A Quick Note About Types of Withdrawal
Before we close, we need to discuss the nature of withdrawal symptoms, the types of withdrawal periods, and how to adjust your tapering schedule if you feel withdrawal symptoms coming on. First, you need to know what to expect from discontinuing your particular medication: some withdrawal symptoms, like those from opioids, are fairly well-known, while others, like the “brain zaps” associated with withdrawal from some antidepressants, are less well-understood and can be very disconcerting if you don’t know what they are. Furthermore, some medications, particularly psychotropics, have a notoriously long withdrawal period, and riding it out may not be feasible or healthy.
While increasing your dose of CBD can be helpful in treating your symptoms, don’t rule out temporarily restoring your pharmaceutical dose before trying tapering again, this time at a lower increment. Tapering safely may not be a perfectly linear process, and that’s okay! Try using CBD to help ease your withdrawal symptoms, but don’t get discouraged if it doesn’t work for you or your withdrawals are too severe and you have to temporarily restore your dose. It doesn’t make you weak or less determined to discontinue these medications, and eventually you will succeed. Listen to your body and treat yourself with kindness during this time, and the rest will come. We’ve written a comprehensive CBD eBook designed to make this process even easier for you!
A Note on Drug Testing
Much of the data we have about CBD is anecdotal, and its potential impact on drug testing is no exception. There are very few peer-reviewed studies on the subject, and the ones available paint a rather murky picture: avoiding full-spectrum products containing traces of THC can reduce your risk of a false positive, but that may not eliminate the risk entirely.

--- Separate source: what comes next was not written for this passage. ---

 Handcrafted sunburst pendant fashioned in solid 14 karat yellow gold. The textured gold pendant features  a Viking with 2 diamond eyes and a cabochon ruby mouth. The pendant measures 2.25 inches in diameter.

A single study (as yet unconfirmed) suggests that even isolate-based products may not be completely risk-free under certain circumstances.
If you are concerned about passing a drug test, you’ll need to consider this potential risk when deciding whether CBD is right for you. To learn more about the science of CBD and drug testing, check out our article for a more thorough discussion of how to minimize your risk of a false positive.
CBD can treat withdrawal symptoms at a variety of levels by acting on multiple different cannabinoid receptors, alleviating not just the physical symptoms of withdrawal but also soothing the circuits underlying addiction. Since it carries no potential for abuse, addiction, or overdose and can be applied to a vast array of medical conditions, CBD is a viable and attractive option for many patients looking to abandon the pharmaceutical carousel.